DISCUSSION Count I – The TILA Corbelle seeks statutory damages under the TILA. Compl. ¶ 15. The “TILA requires creditors to clearly and accurately disclose terms of credit
transactions.” Carye v. Long Beach Mortg. Co., 470 F. Supp. 2d 3, 6 (D. Mass. 2007), citing Beach v. Ocwen Fed. Bank, 523 U.S. 410, 412 (1998).5 The statute of limitations under the TILA is “one year from the date of the
occurrence of the violation . . . .” 15 U.S.C. § 1640(e). Count I alleges that Capital One “failed to provide required written disclosures of terms and conditions at account origination . . . .” Compl. ¶ 14. Capital One argues that this claim is time barred, and the court agrees. See
5 While the parties fail to address this issue, Massachusetts is exempted from a TILA provision if “state law establishes substantially similar requirements.” Philibotte v. Nisource Corp. Servs. Co., 793 F.3d 159, 167 n.12 (1st Cir. 2015) (internal quotations omitted). Because Corbelle fails to allege which provision of the TILA was violated, there can be no analysis of whether the TILA or a parallel provision in Massachusetts law applies. However, even if an exemption applies, at least two elements of the TILA are preserved. First, “a debtor’s ability to bring a federal damages action under 15 U.S.C. § 1640 is preserved . . . .” Belini v. Washington Mut. Bank, FA, 412 F.3d 17, 19 (1st Cir. 2005). Second, “the federal statute of limitations applies to the federal claim, even where a state exemption applies . . . .” Philibotte, 793 F.3d at 163, citing McKenna v. Wells Fargo Bank, N.A., 693 F.3d 207, 211 (1st Cir. 2012). 15 U.S.C. § 1640(e). Corbelle’s first allegation concerns Capital One’s alleged failure to provide written disclosures upon Corbelle’s opening the account,
which occurred in December of 2018. Compl. ¶ 4. Any claim therefore expired in December of 2019. There are two remaining TILA-based claims in Count I stemming from activity occurring within the one-year statute of limitations. The Complaint
states that Capital One “admitted” that it is unable to produce either (1) a signed credit card application or (2) “complete Truth-in-Lending documentation.” Id. ¶ 14. Capital One argues that these claims lack the
requisite specificity to survive a motion to dismiss. The court agrees. The Complaint fails to identify any provision of the TILA that requires Capital One to produce a signed copy of the credit card application, nor does it explain why the Truth-in-Lending disclosure is deficient. Corbelle did not
elaborate on her TILA claims in her opposition brief, nor even mention the TILA. See generally Opp’n (Dkt. # 7). The Twombly-Iqbal standard requires more than conclusory allegations that the TILA was violated. Iqbal, 556 U.S. at 679 (“While legal conclusions can provide the framework of a
complaint, they must be supported by factual allegations.”). ORDER For the foregoing reasons, Capital One’s motion to dismiss Corbelle’s TILA claim (Count I) is ALLOWED. At this early stage of the litigation, the
court declines to exercise supplemental jurisdiction over Corbelle’s remaining state-law claims. See Camelio v. Am. Fed’n, 137 F.3d 666, 672 (1st Cir. 1998) (“[T]he balance of competing factors ordinarily will weigh strongly in favor of declining jurisdiction over state law claims where the foundational
federal claims have been dismissed at an early stage in the litigation.”).6 The Clerk will enter judgment for Capital One on Count I of the Complaint and remand the remaining claims to the Chelsea District Court.

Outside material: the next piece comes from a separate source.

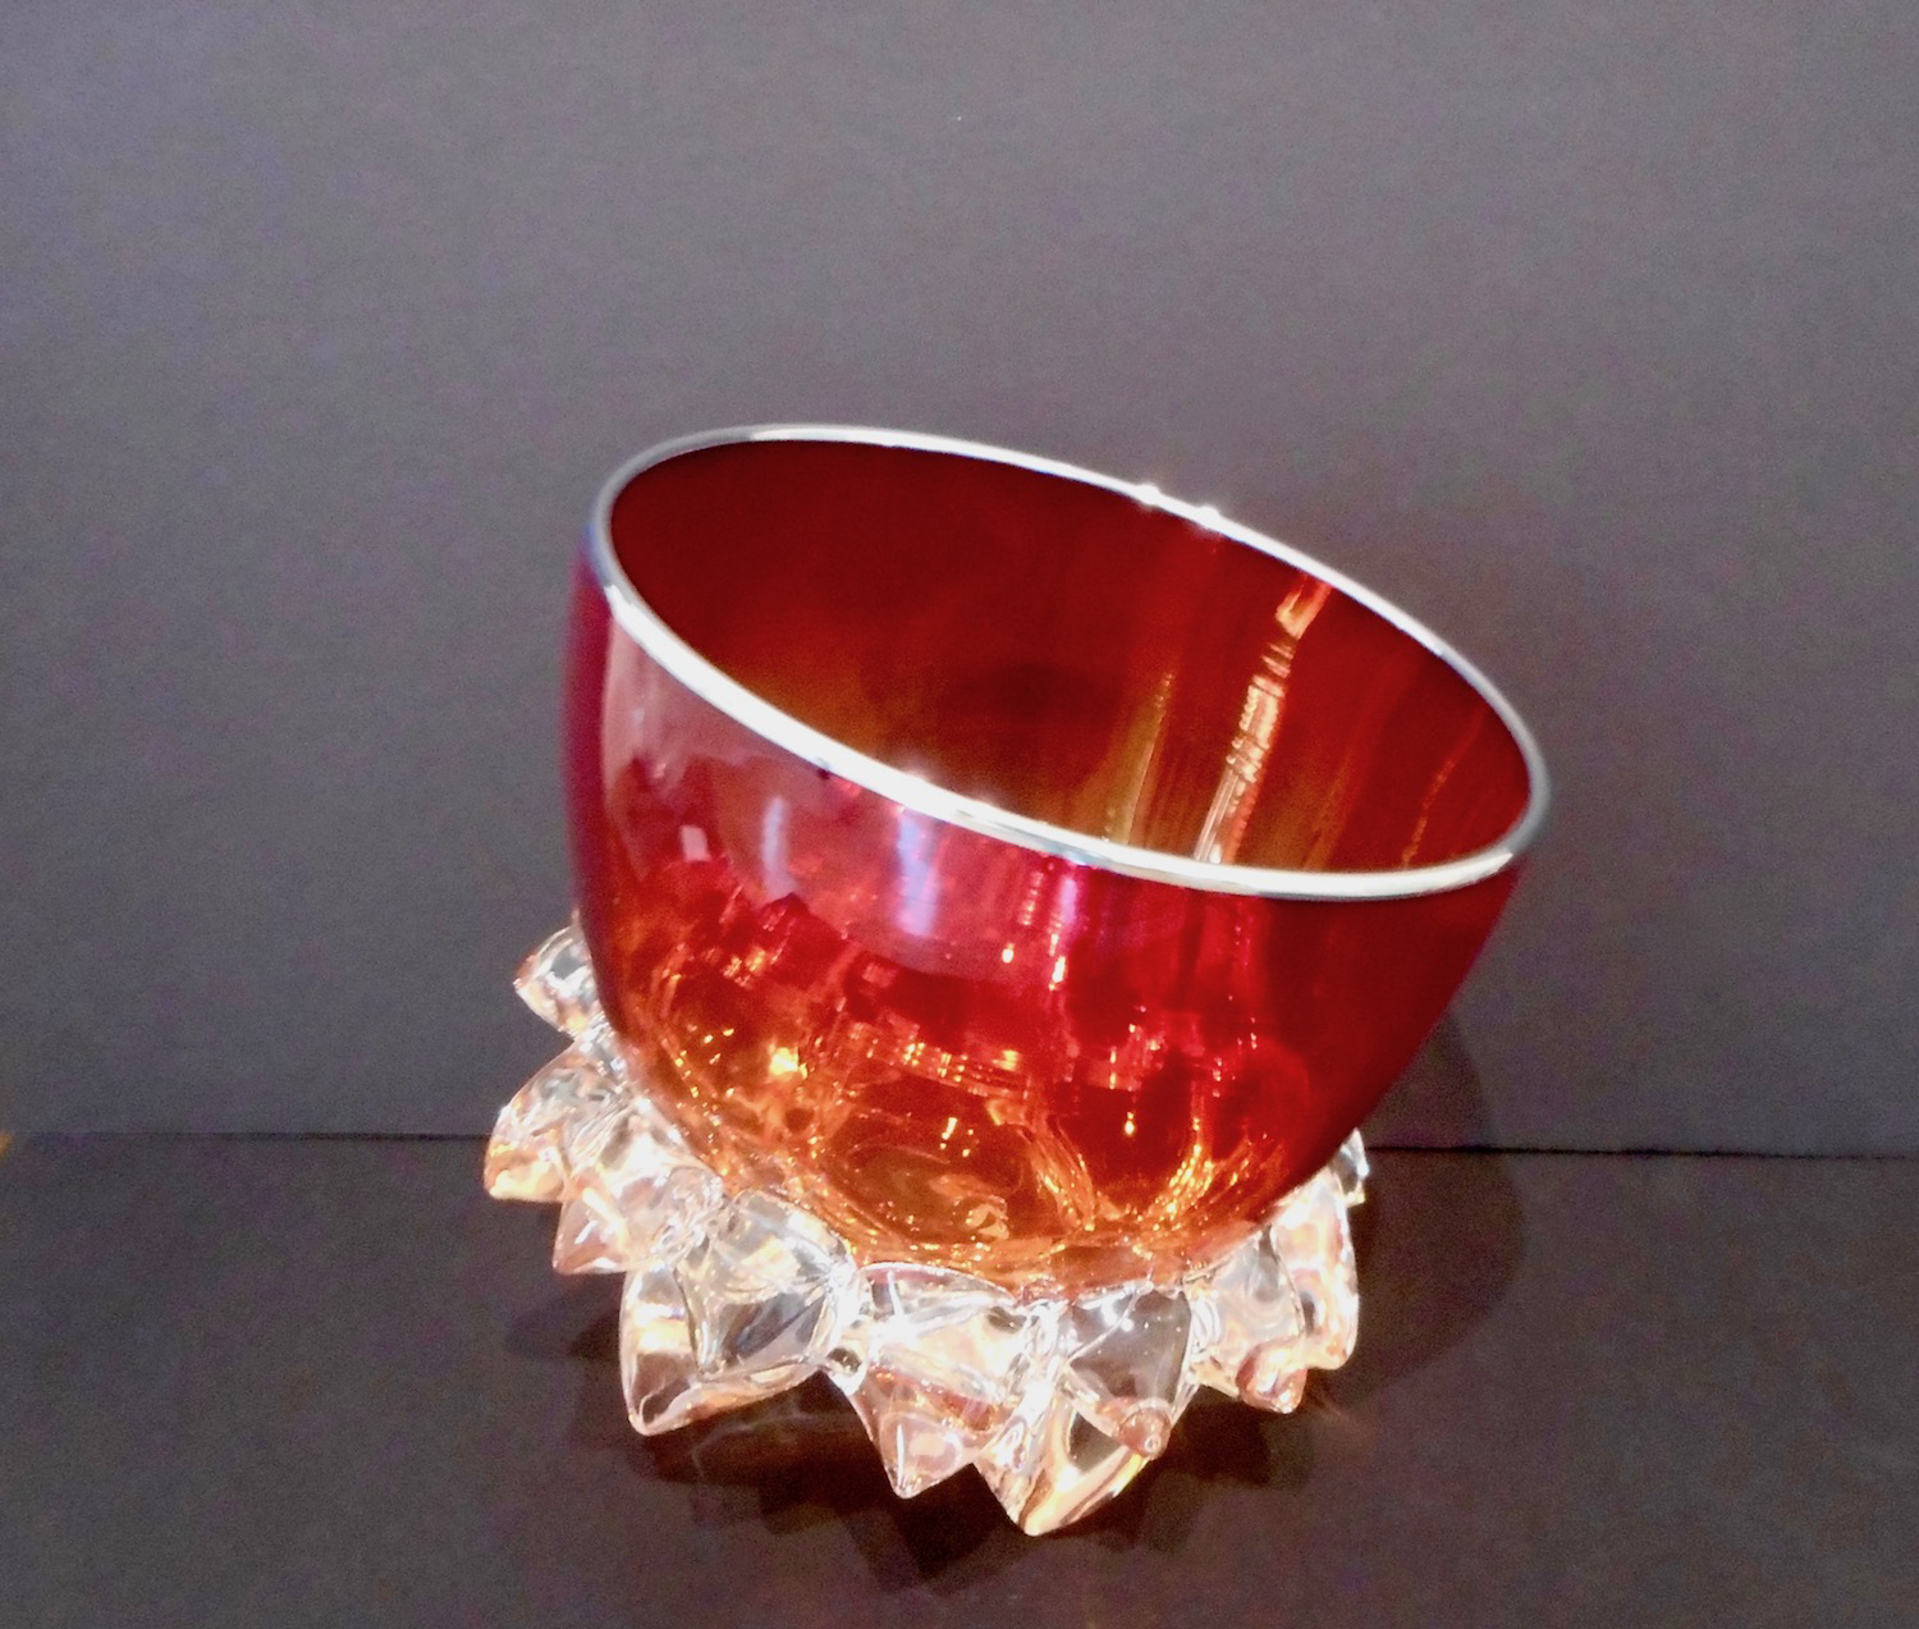 Small Thorn Vessel XVIII (Cherry Red/Silver) by Andrew Madvin

SO ORDERED. /s/ Richard G. Stearns__________ UNITED STATES DISTRICT JUDGE
6 While federal district courts are vested with diversity jurisdiction over state-law claims between citizens of different states, such jurisdiction attaches only where the amount in controversy exceeds $75,000. See 28 U.S.C. § 1332. That is not the case here, as is evident on the face of the Complaint.